Command line recipes for the working chemoinformatician

Unique InChI filtering of molecules (remove duplicates)

obabel INFILE -O OUTFILE --unique

Assign MMFF94 partial charges

obabel INFILE -O OUTFILE --partialcharge mmff94

Assign MMFF94 partial charges and hydrogens (protonate) at given pH (7.4) usinb openbabel

obabel in.smi -O out.mol2 --partialcharge mmff94 -p 7.4

Major tautomer at pH 7.4 usinb ChemAxon cxcalc

(-g: ignore errors; -H: pH; -f sdf: force output format to sdf, to preserve molecule names)
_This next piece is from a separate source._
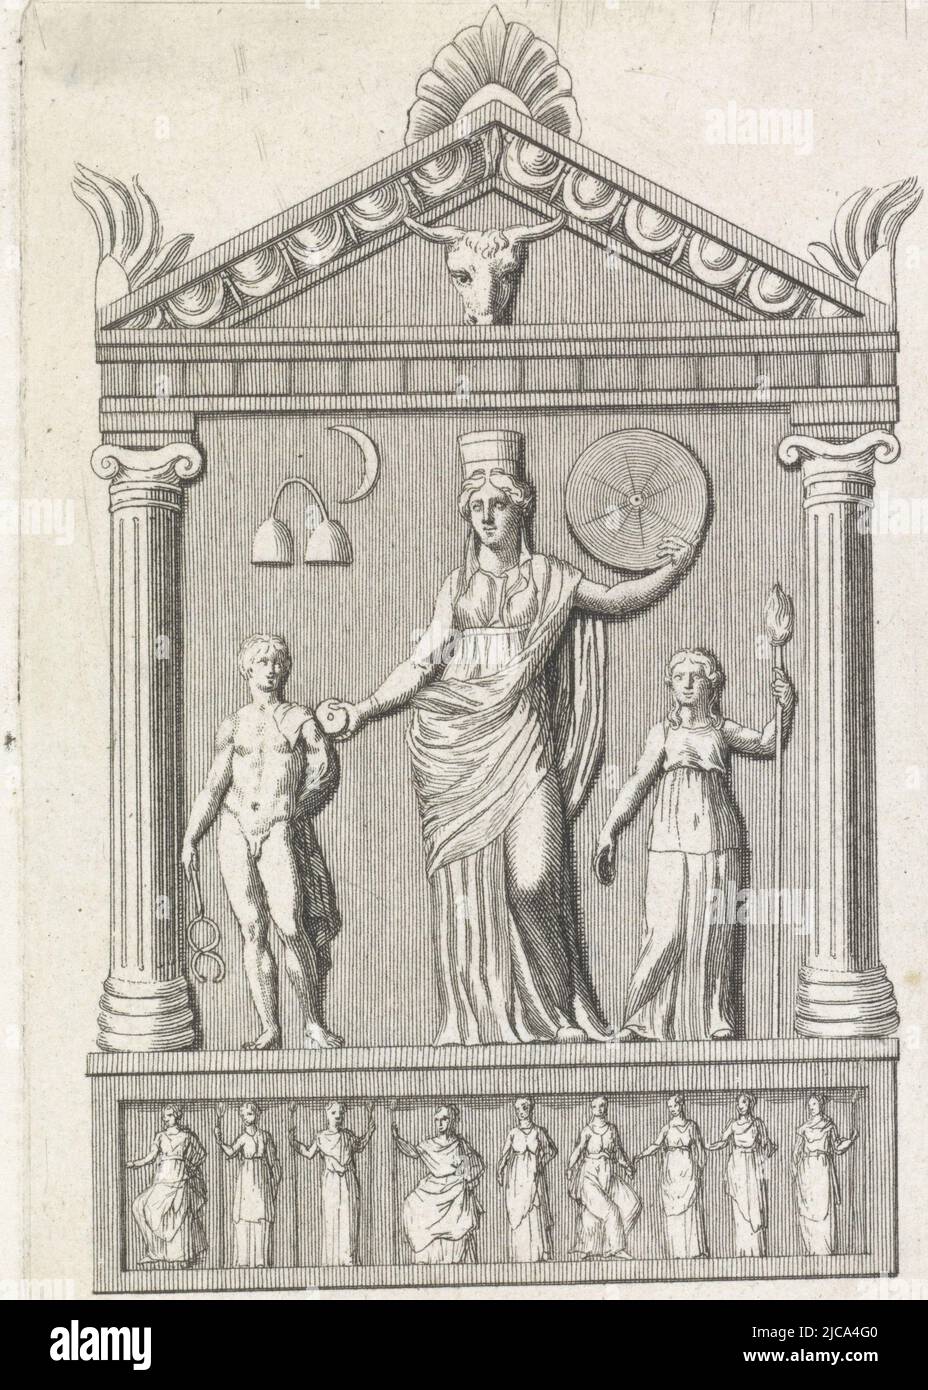 Pierre d'autel avec la déesse Cybele au centre à gauche le dieu Mercure à droite une déesse au fond une frise avec des figures féminines, autel à Cybele, imprimeur: Anonyme, 1800 - 1900, papier, gravure, h 128 mm × l 90 mm Banque D'Images

input file not being a .smiles might crash the tool!

cxcalc -g majortautomer -H 7.4 -f sdf input.smiles > output_taut74.sdf

Compute MACCS 166bits fingerprints and output them as strings

(will create a .csv file named after the input file)

mayachemtools/bin/MACCSKeysFingerprints.pl --size 166 [INFILE] --CompoundIDMode MolName

3D conformer generation using Corina classic

(one low energy conformer per molecule)

the optional [-d wh] add/writes out hydrogens (makes them explicit)

corina [-d wh] < INPUT.sdf > OUTPUT.sdf

lowest energy conformer generation using cxcalc from Chemaxon

cxcalc conformers in.smi -m 1 > out.sdf

lowest energy conformer generation using omega from OpenEye scientific

omega -in in.smi -out out.sdf -maxconfs 1

RMSD between two ligands (curr. will be superposed onto ref.)

fconv -rmsd current.mol2 --s=reference.mol2

compute Bemis-Murcko scaffolds of molecules

stripper --in molecules.smi --out scaffolds.txt

print a molecule in EPS format (for LateX manuscripts); obabel then inkscape

SMILES to EPS, MOL2 to EPS or SVG to EPS would work the same

obabel molecule.smi -O molecule.svg
inkscape molecule.svg -E molecule.eps --export-ignore-filters --export-ps-level=3

smi2eps in Bash (smi -> svg -> pdf -> cropped-pdf -> ps -> eps)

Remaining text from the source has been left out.